State Rep. Hugh Shine, R-Temple, is seeking to designate Interstate 14 as a Purple Heart Trail, a network of roads across the nation that honor people who have been awarded the medal.
The Temple legislator, whose district covers Fort Hood, filed House Bill 421 on Thursday. It would only designate the Bell County portion of I-14, stretching from Belton to Killeen, as a Purple Heart Trail.
“As a county that is so involved with veterans and with active duty military, we want to honor those that have made sacrifices for our freedom and to show others that come through what we stand for,” Shine said in a news release.
Several Texas highways are already part of the national Purple Heart Trail, including Interstate 35. The trail network was created in 1992 by the Military Order of the Purple Heart.
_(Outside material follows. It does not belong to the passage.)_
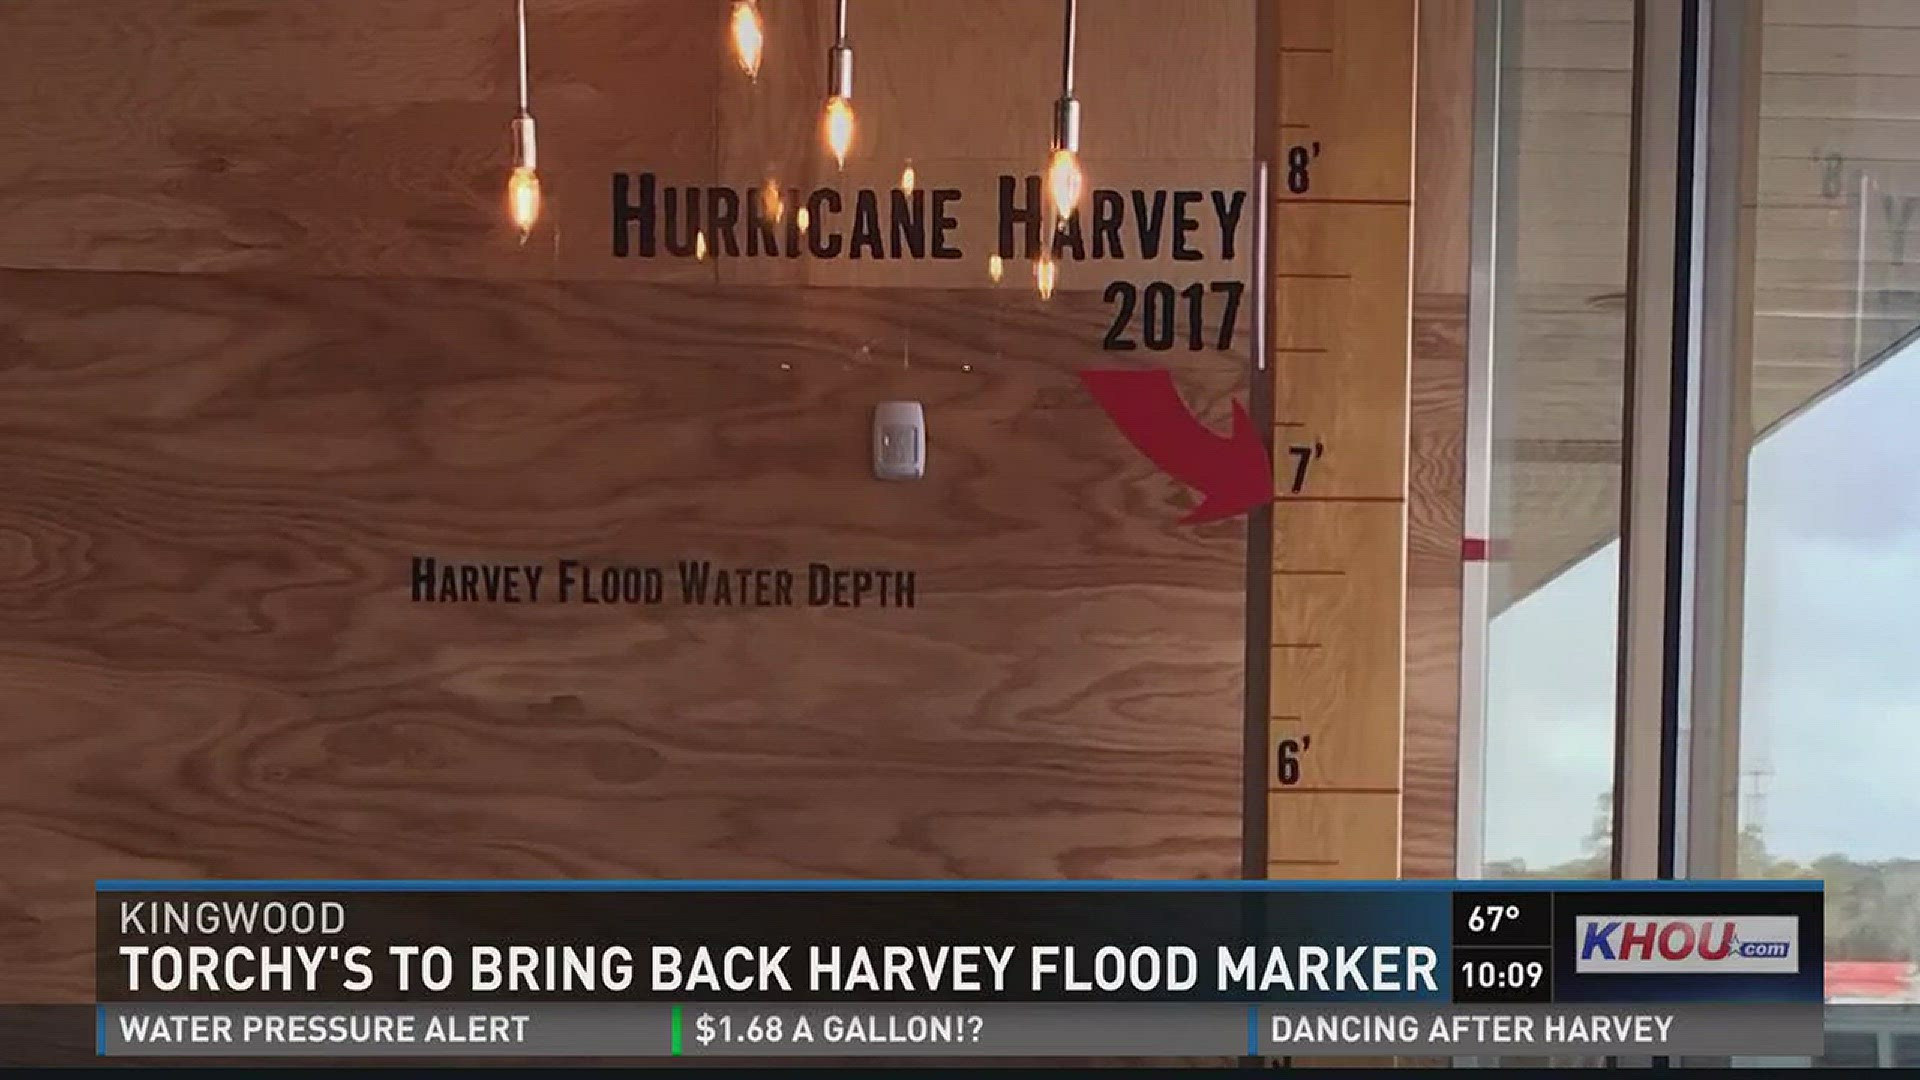 A flood gage installed inside a Kingwood Torchy's Tacos to memorialize Hurricane Harvey turned into a point of pride for the local community, which is why when the restaurant abruptly removed it, patrons took offense.

Shine, who served 30 years in the U.S. Army and the Texas Army National Guard, authored a similar bill with Rep. JD Sheffield, R-Gatesville, and Rep. Scott Cosper, R-Killeen, during the last legislative session in 2017.
That bill, which is now law, designated Texas a Purple Heart State and set Aug. 7 as the annual Purple Heart Day.
“I hope that when people see those Purple Heart signs they take a moment to remember the sacrifice of so many and to ask themselves what they can do for those still alive but affected by foreign wars,” Shine said.
The Bell County Commissioners Court in September designated the county as a Purple Heart County. There are more than 40 Purple Heart counties in Texas, including nearby Williamson and McLennan counties.
The cities of Belton, Salado, Harker Heights and Killeen have Purple Heart designations.
Several Bell County schools and colleges have the designation. Those include Belton New Tech High School @ Waskow, Richard E. Cavazos Elementary in Nolanville, Texas A&M University-Central Texas and Central Texas College in Killeen.
The Legislature will consider Shine’s bill sometime next year. Lawmakers will convene for the 86th legislative session on Jan. 8.